This notebook is the first in the training material series. It aims to lay down the foundation for understanding how users can interact with the PDBe REST API using Python3.

## 1) Making imports and setting variables

First, we import some packages that we will use, and set some variables.

We will be using Python packages / modules:

*   [re](https://https://docs.python.org/3/library/re.html) - allows use of regular expression matching operations similar to those found in Perl.
*   [requests](https://docs.python.org/3/library/re.html) - allows you to send HTTP/1.1 requests extremely easily.
*   [pprint](https://docs.python.org/3/library/pprint.html) - makes data look more readable / pretty
*   [csv](https://docs.python.org/3/library/csv.html) - enables csv file input and output

<br>



---



*FURTHER INFORMATION:*

Full list of valid PDBe API URLs / API endpoints is available from http://www.ebi.ac.uk/pdbe/api/doc/


In [1]:
# Importing Python packages / modules
import re
import requests
import pprint
import csv

# Defining variables to describe API urls
base_url = "https://www.ebi.ac.uk/pdbe/"

api_base = base_url + "api/"

summary_url = api_base + "pdb/entry/summary/"

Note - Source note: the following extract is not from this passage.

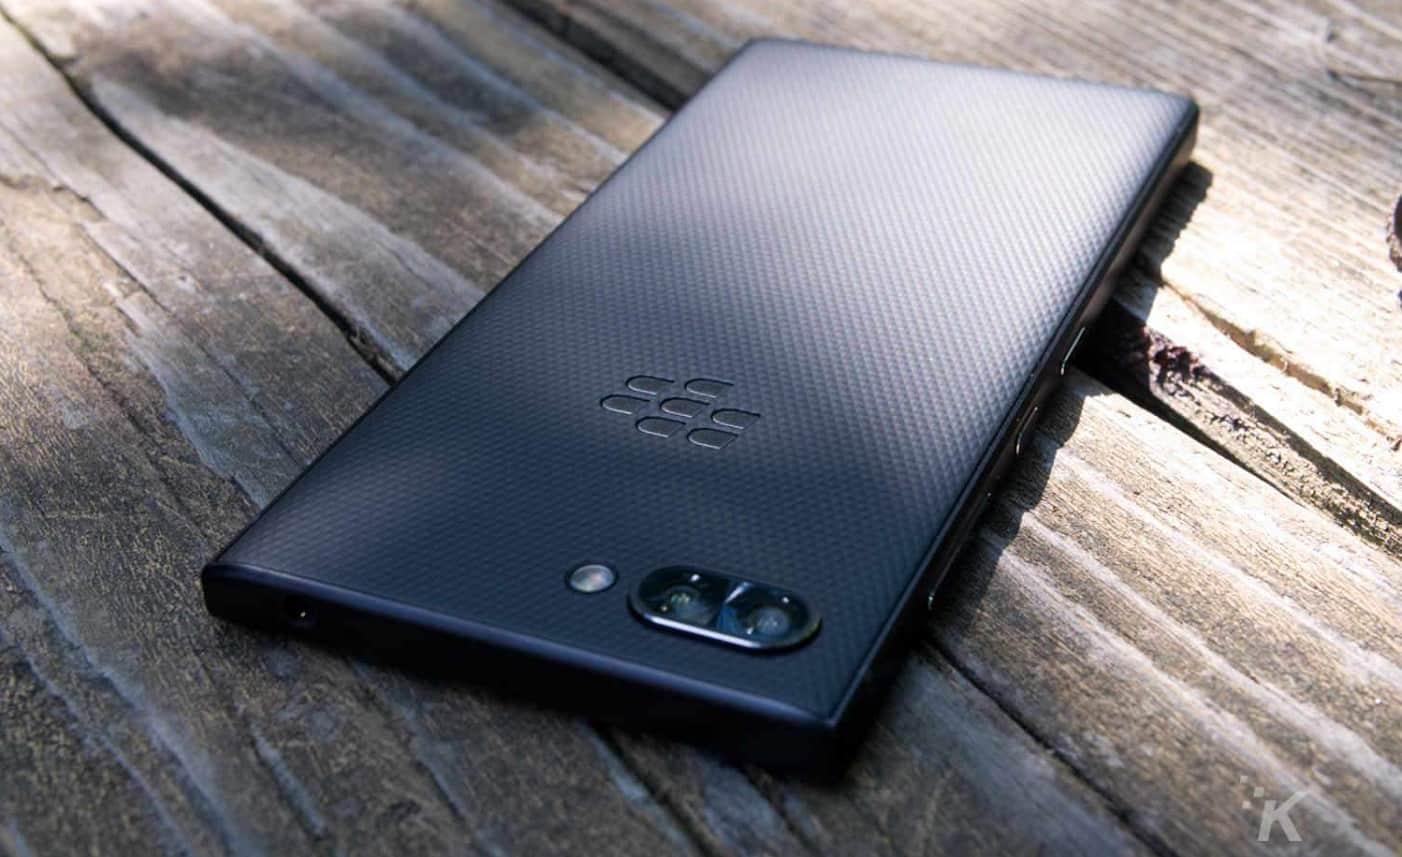 blackberry key2 smartphone on wooden table

# We have defined a variable called summary_url with the following value:
#### https://www.ebi.ac.uk/pdbe/api/pdb/entry/summary/

experiment_url = api_base + "pdb/entry/experiment/"

# We have defined a variable called experiment_url with the following value:
#### https://www.ebi.ac.uk/pdbe/api/pdb/entry/experiment/

## 2) Basic examples

We will start with some simple Python code to enhance the usefulness of PDBe's APIs.

### 2.1) Getting a value for a key from a dictionary

Dictionaries are Python data structures with unique keys and corresponding values.

PDBe API calls generally return data in the form that readily can be converted to Python dictionaries, i.e. collections of key and value pairs.

Getting values from a Python object which is dictionary data type can be done either by directly accessing the value using the key, or by using a simple function, such as below.

In [None]:
# Basic example of a Python dictionary with two keys and two corresponding values.
# We are using {} to define that this input is a Python data-type dictionary.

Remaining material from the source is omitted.